Taken together, our sensor model is concisely stated with the following expression.  Note that the measurement is proportional to an expected total energy.
    Measurement(X) = Integral_{all t}( TPRF(X,t) * LightEnvelope(t) * SensitivityEnvelope(t) )
    (note "*" above denotes convolution)

Noise

At this point, we have still only considered an idealized experiment.  To make our sensor model more realistic there are various sources of noise to consider.  Shot noise (intensity variation due to the random amount of photos actually collected during the integration period) will have a much greater effect on sensors measuring the transient properties of light than traditional application.  However, the effects of shot noise can be mitigated by using more intense flashes of light.  Next, digital quantization noise (inaccuracies due to coarse representation of values measured at particular timesteps) is also ignored because it is patterns of light over time that is of interest in our applications, with only minimal information coming from the particular values at each time step.  Finally, additional noise sources that we do not explicitly model cannot be so easily ignored.  To account for the combined effects from noise in different parts of the sensor, we apply simple additive gaussian white noise to each simulated measurement.

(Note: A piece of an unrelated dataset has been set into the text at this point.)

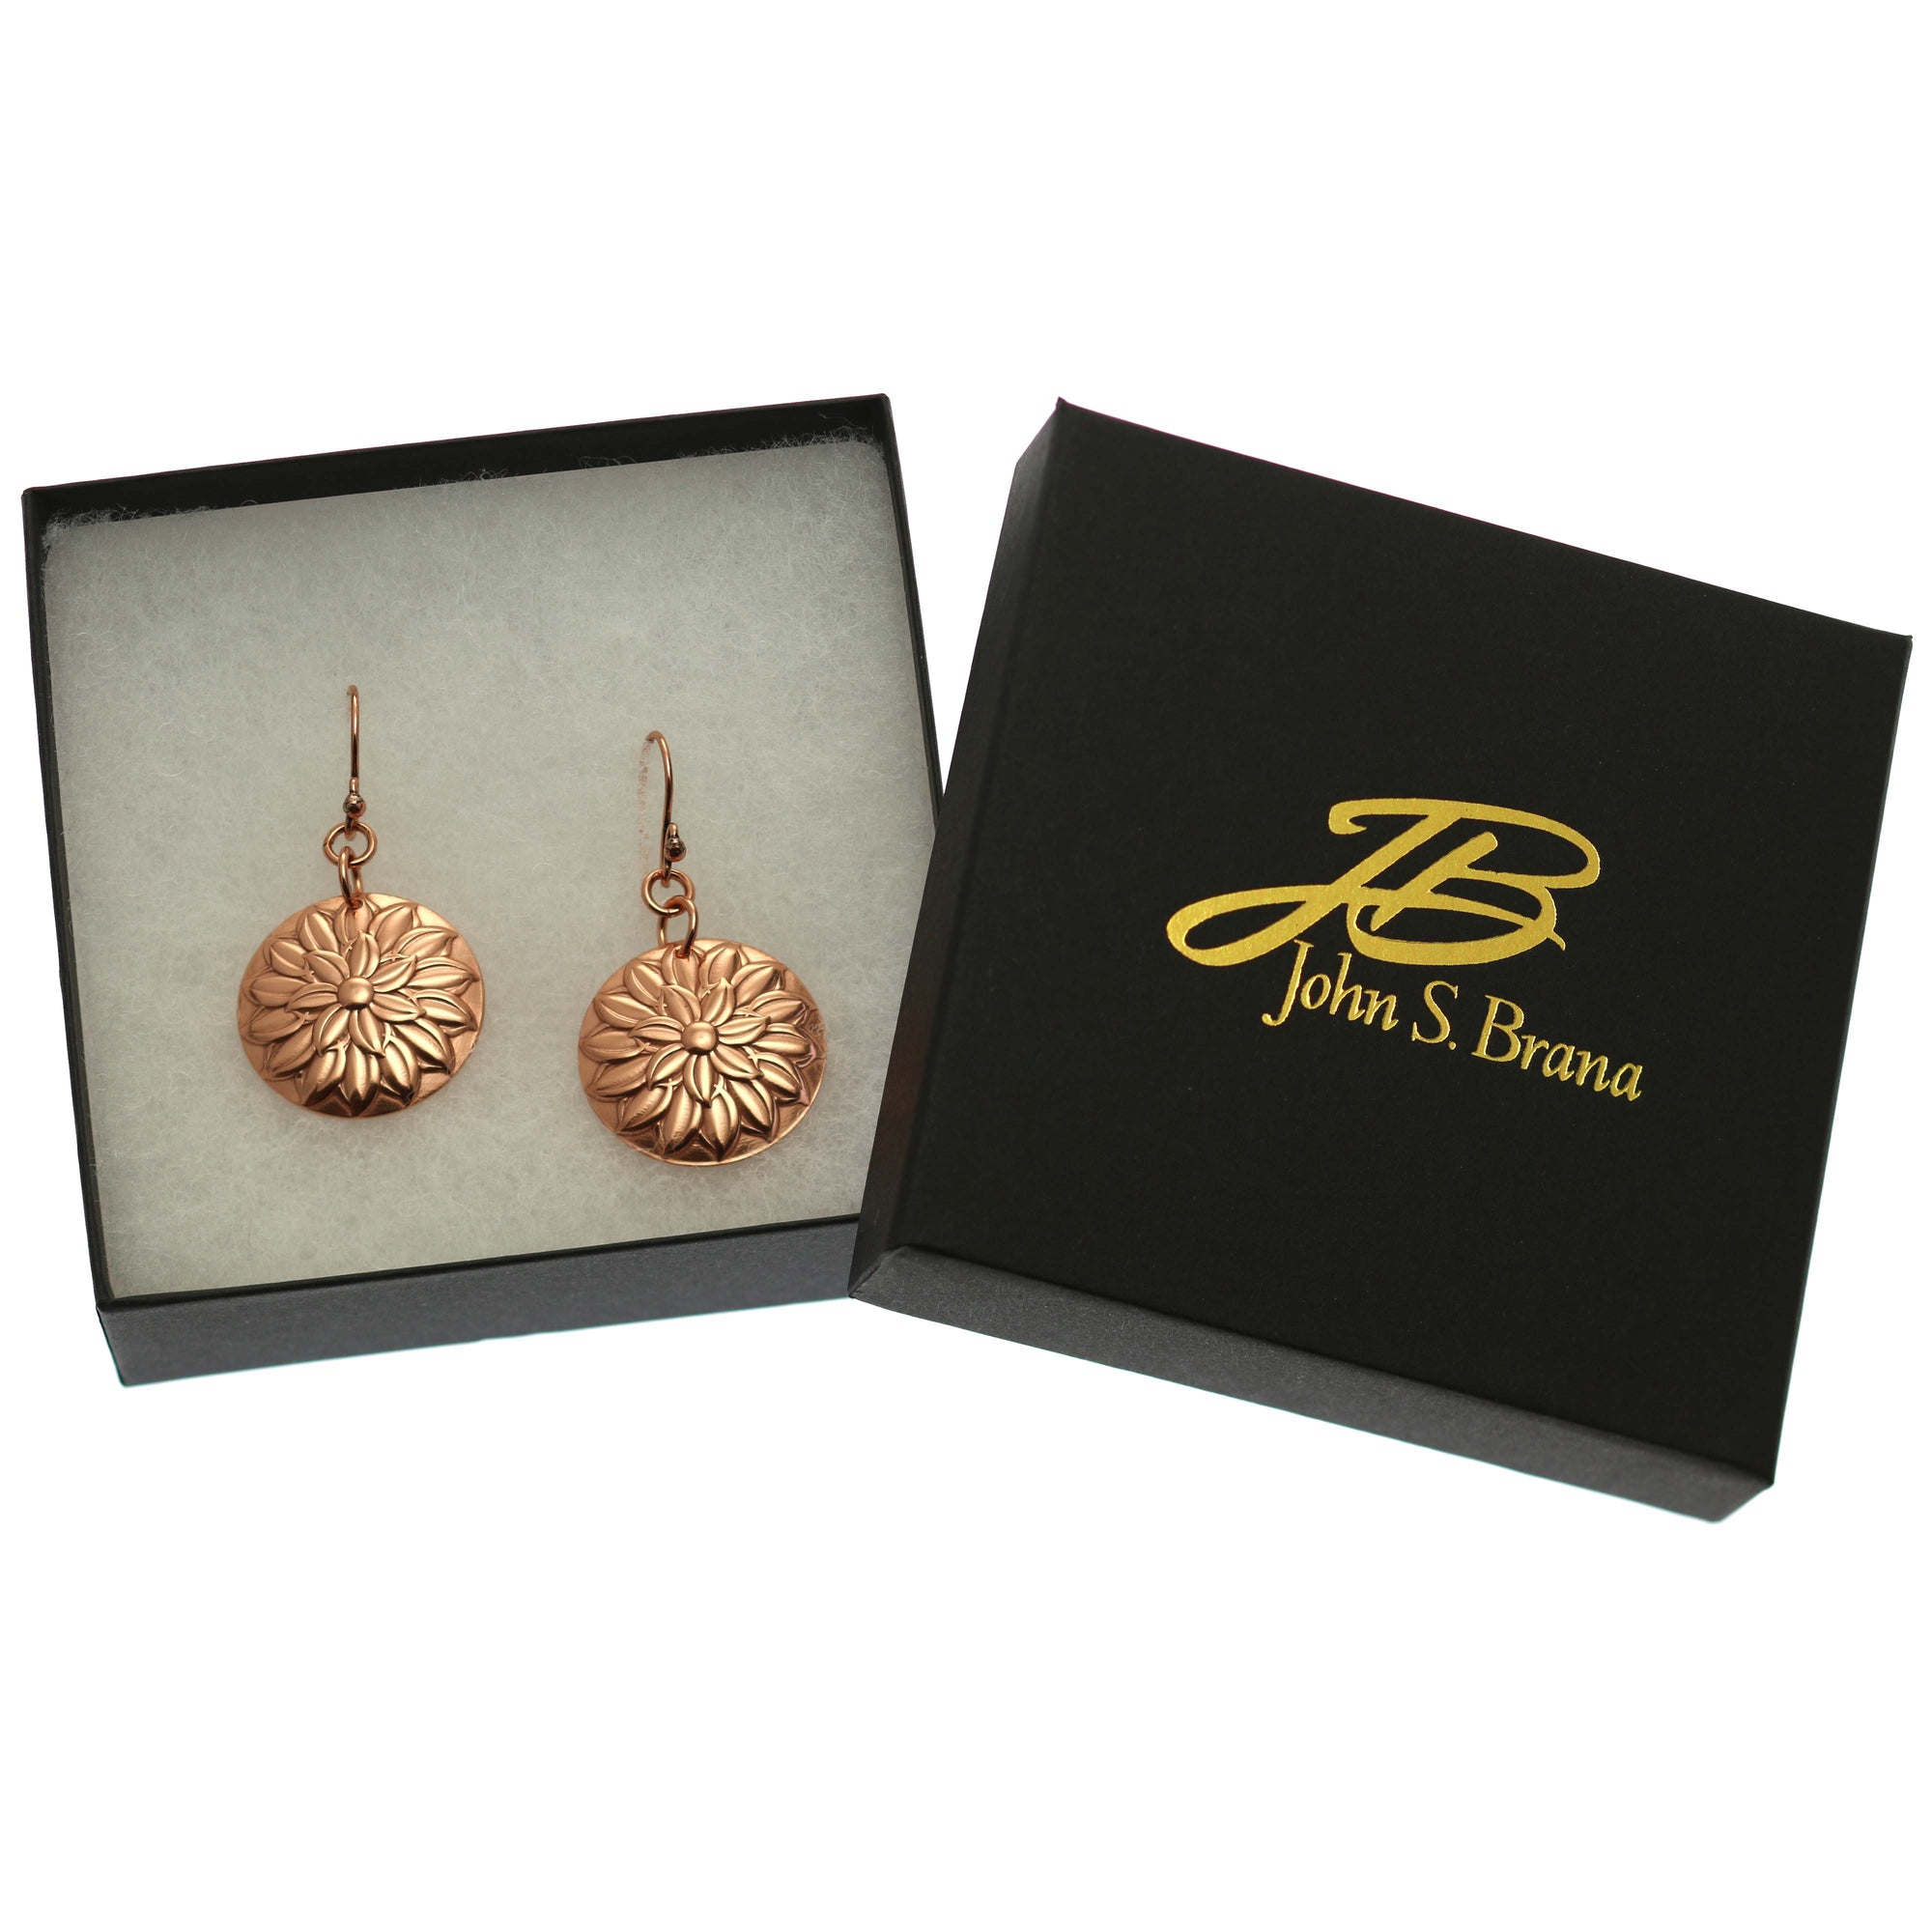 Chrysanthemum Copper Disc Earrings in Black Gift Box with Gold Logo

Thus, unsurprisingly, our combined sensor model is stated with the following expression:
    Measurement_i(X) = Integral_{all t}( TPRF(X,t) * LightEnvelope(t) * SensitivityEnvelope_i(t) ) + GaussianNoise_i

Scene Disambiguation

Eye and light, v-shaped object pointed down above eye and light, one side is dark, one side is light, where IS THE LIGHT? The example case we will consider is the estimation of a light position in a scene.
- all surfaces are lambertian with reflectance alpha

Shape Recovery

Scene with two boxes, want to know how deep one of the boxes is, by looking at the reflection off of the other
- all surfaces are lambertian with reflectance alpha

---

Future Work

Improving the model: (make case that each interestingly effects transient behavior)
- subsurface scattering: either properly create microgeometry and apply our analyis OR (more interestingly) define a transient volume rendering equation and re-derive the TRPF in this case
- optical density and wavelength: annotate interfaces with differing index of refraction and sample from BSDF differently or allow for general curved rays with continuous variation of optical density (would invalidate assumptions made on triangulation)
- phosphorescence: track energy density at points along interfaces and model decay

Building a real sensor:
- modify LIDAR imager
- high frequency oscilloscope and photosensor

Applications:
- formalized traditinal (2.5D) range finding in terms of TPRF and clarify unspoken assumptions
- attempt full 3.0D range finding
- esimtate subsurface scattering
- decompose TPRF into single bounce layers
- investigate ways to incorporate information extracted from live TPRF into traditinal video display (for augmented human vision)

---

Conclusion

In this paper we have introduced the idea of the transient photometric reflectance function and claimed that the function is not unreasonable to measure from the physical world.  We derived approximations to this function from analytic solutions to the transient rendering equation.  Next, we showed that, even with a sensor model that relaxes many of the original assumptions of the model, relevant information about a scene can still be recovered.  Finally, we have identified several areas for future development.  We are hopeful that this research will spur new inquiry into the transport of light in a scene that takes into account the transient effects of propagation.